Северный угол Новосибирска занимала промышленная зона: склады (нефтяной, мазутный, винный), заводы (кожевенный, хромовый, маслозавод, кедропром), скотобойня, холодильник. Летом у ручья отходов, вытекающего со скотобойни в Ельцовку, часто можно было увидеть мальчишек — они ловили прикормленную рыбу.

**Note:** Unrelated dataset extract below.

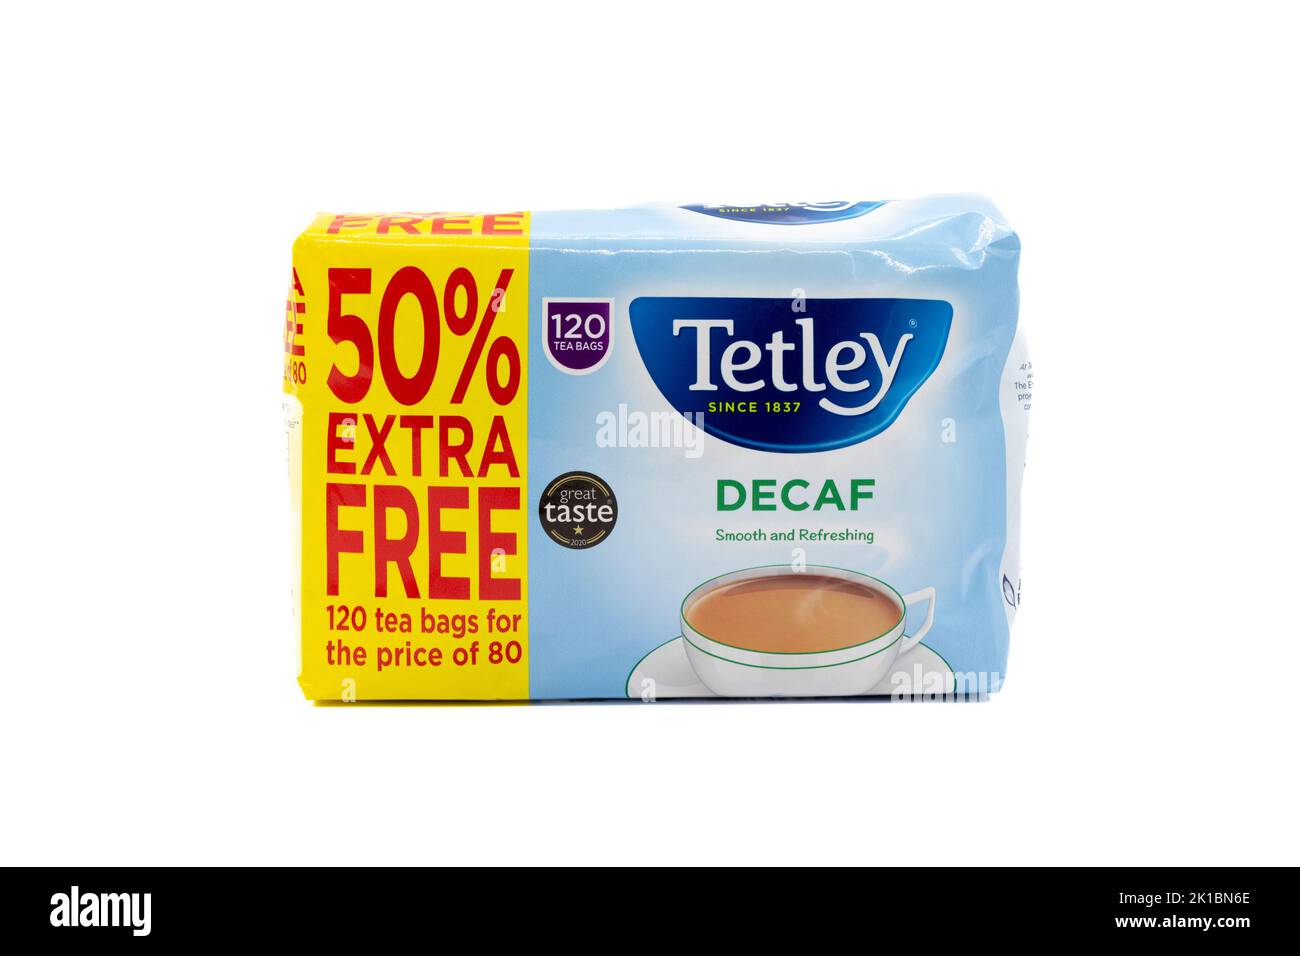 Irvine, Escocia, Reino Unido - 20 de agosto de 2022: Bolsas de té descafeinado de la marca Tetley en un embalaje de papel reciclable. Foto de stock

Ельцовская Нахаловка была не просто «деревней в городе», она была отдельным миром, где своих порой узнавали просто по одежде. «Идёт иной форсун по улице Сухарной, а на нём фуражечка набекрень, из-под неё чубчик выбивается, идёт кисточками пояска поигрывает, на палец наматывает, идёт себе в проходочку, сапожками в гармошку поскрипывает. Ши-ка-рно! Ребятня ему завидует, девки на него поглядывают — идёт что твой король. А если у него над лаковым козырьком фуражки-капитанки вьются шнурки, то это вообще знак того, что парень не из последних, а, говоря по-нынешнему, крутой. Нахаловские молодцы носили три шнурка, а Закаменские — два»
[3].
Едва заканчивалась промзона, как пейзажи постепенно менялись — речка становилась чище, огороды — больше. В этой части речной поймы нахаловские садоводы обустроили малинники, огороженные высоким частоколом от малолетних воришек. За заборами зло лаяли собаки — свирепые псы свободно ходили по двору, охраняя хозяйские угодья. Ягода здесь росла крупная, сладкая, не чета лесной мелочи — и садоводы целое лето возили продавать её на базар. Во всей Нахаловке не было ни одного мальчишки, который не мечтал бы забраться в малиновое царство. Наверняка думал об этом и десятилетний Женя Пепеляев.